Ranking Member Waters’ Statement on Housing Finance Models, Expresses Concerns about Republican Priorities
Congresswoman Maxine Waters, Ranking Member of the House Financial Services Committee, made the following opening statement today at the full committee hearing, titled “Beyond the GSEs: Examples of Successful Housing Finance Models without Explicit Government Guarantees.” Ranking Member Waters in her statement reveals “that while other countries may invest fewer resources in homeownership than the U.S., these foreign nations also make more significant investments in public and assisted rental housing. This is something that the majority on this Committee is not interested in pursuing.” The complete text of her opening statement follows.
As prepared for delivery:
Mr. Chairman, thank you for holding this hearing this morning on international approaches to housing finance.

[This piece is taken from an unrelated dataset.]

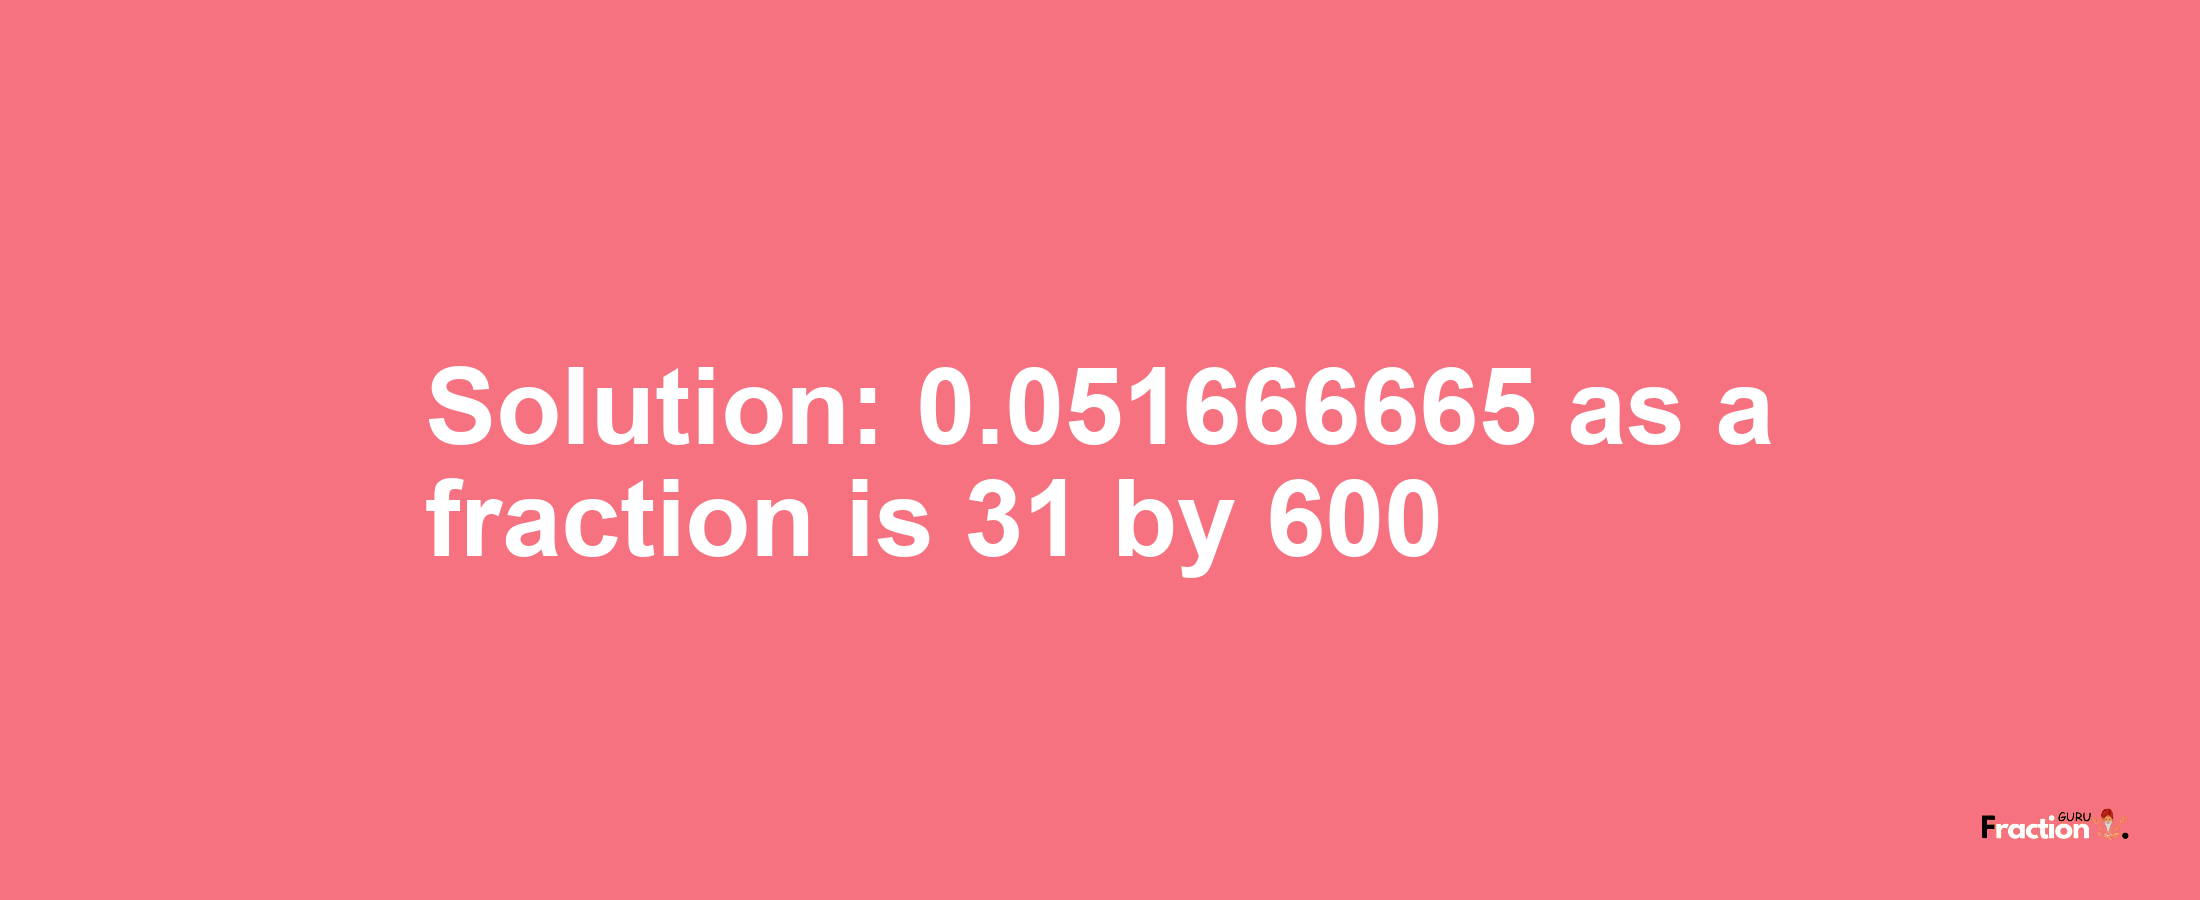 Solution:0.051666665 as a fraction is 31/600

The hearing is titled, “Examples of Successful Housing Finance Models Without Explicit Government Guarantees.” However, if we are to be honest, it should more properly be titled, “Examples of Other Housing Finance Models With Other Forms of Government Guarantees.”
Because while the United States is among only a handful of countries that explicitly guaranteed their mortgage-backed securities, we are not alone in terms of providing government support for housing finance.
As our witness today will point out, covered bonds, which are utilized more robustly in Europe, enjoy preferential status in terms of regulatory and capital treatment in ways that in fact mirror the Federal Home Loan Bank System. And as the actions of European governments and the European Central Bank in the wake of the 2008 crisis demonstrate, the covered bond market also enjoys implicit guarantees both in terms of the general market, and for the issuers of those bonds.
Of course, no one suggests that the U.S. model for housing finance is perfect or that it is not in need of reform. Quite the contrary. That is why I continue to engage stakeholders on the future of the secondary mortgage market, and why I call on the Chairman to begin a discussion of the specific, bipartisan reform proposals, of which there are now several.
I am focused on pursuing reform proposals that preserve the beloved 30-year, fixed-rate mortgage here in the United States. I think the recent crisis has demonstrated that this is a stable product, which has actually outperformed the exotic mortgages that proliferated in the lead-up to the financial crisis. If we eliminated a government role in housing finance, these exotic products would likely again predominate.
So while I think it is useful to consider international approaches to housing finance, I also believe it is disingenuous to suggest that foreign nations do not make significant government investments in housing. And I think we must acknowledge the important role that the 30-year, fixed-rate mortgage has played across generations of American homeownership, and the need to preserve this unique product.
Finally, I think it is important to note that while other countries may invest fewer resources in homeownership than the U.S., these foreign nations also make much more significant investments in public and assisted rental housing. This is something that the majority on this Committee is not interested in pursuing. In fact, we already see that sequestration is pushing renters out of Section 8 housing operated by the Los Angeles City Housing Authority.
Thank you and I yield back the balance of my time.